Eram sete e cinquenta. Primeiro dia do ano 2000. Júlio abriu os olhos e espreguiçou-se. Ao tomar plena consciência das coisas, sentiu um amargo na boca e uma leve tontura. Foi ao banheiro, banhou-se e fez a higiene matinal. Tinha os olhos ainda turvos, e na esperança de um dia claro, abriu a porta frontal da casa. Decepcionou-se. Uma faixa escura de nuvens cinza e carregadas estendia-se por todo o horizonte. Um vento não muito comedido e intermitente varria as ruas, beijava agressivamente as árvores e trazia mais melancolia ao primeiro dia de janeiro. Júlio observava a cena com um tom introspectivo e sereno, transparecendo nos olhos toda a amargura dos pensamentos. No peito um vazio lhe comprimia, enquanto na alma, um feixe de acalento surgia, juntamente com um clarão que se fez no horizonte, dissipando a supremacia cinza daquele ano recém-nascido.

O alívio que lhe fora injetado foi o suficiente para fazer o que havia adiado. Afirmações emergiam da mente, fazendo-o mais forte e decidido. Não havia outra saída, tinha de ir visitá-la. Era uma necessidade tal encontro, e com a quantidade desmedida de “coisas” que pairavam no ar, uma solução se fazia urgente.

Fechou a porta e voltou a sentar-se no sofá. Com as mãos na cabeça, procurando sustentá-la, buscava a premeditação dos atos, a medida das emoções e a explicação para o inexplicável.

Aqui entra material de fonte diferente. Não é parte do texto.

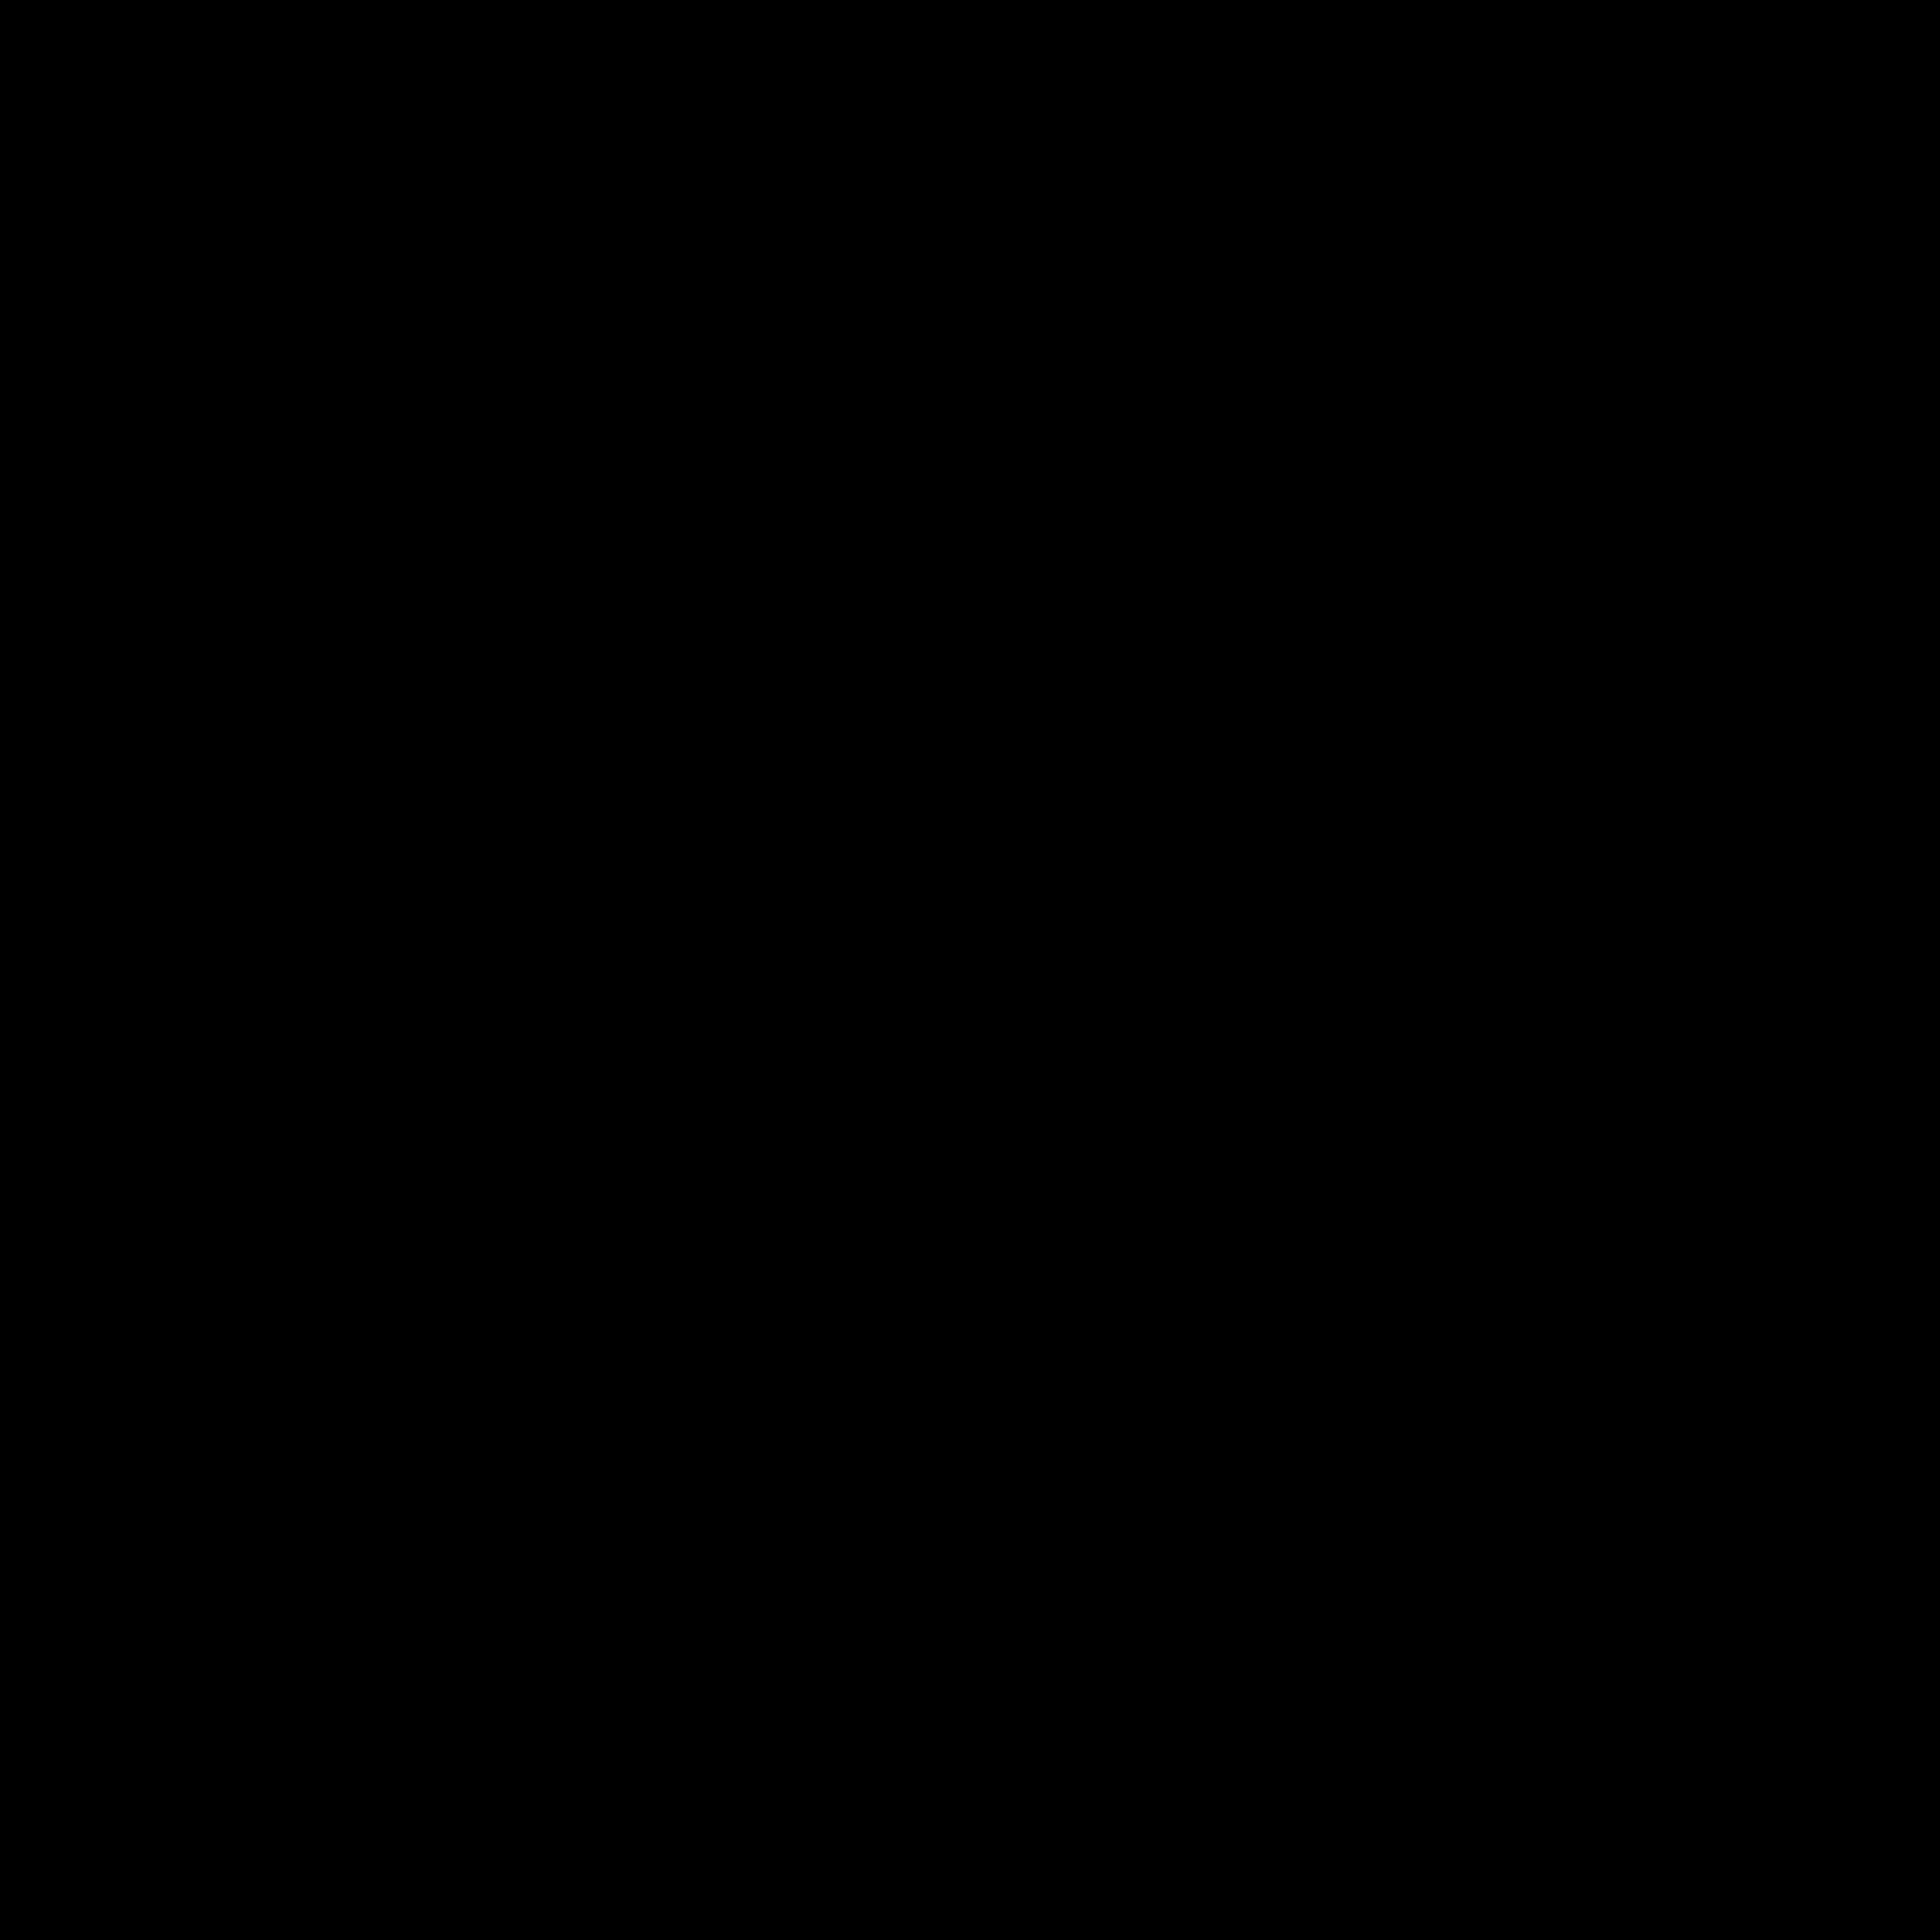 Mid 500 Right/Left Men's/Women's Knee Ligament Support - Black

A atmosfera pesada que o ano novo trouxera, transladava do intenso ao insuportável, e passivo a tudo Júlio permanecia. Talvez por esse motivo, corpo e alma ainda não se dessem vencidos por completo. Em seus pensamentos a chama de um intento bruxuleava iluminando, quase imperceptivelmente, a edificação de sua coragem. Buscando forças passeava na solitária casa de tempos em tempos; não as encontrando, sepultava-se no sofá, tentando se esquivar dos tormentos, os quais não lhe davam sossego.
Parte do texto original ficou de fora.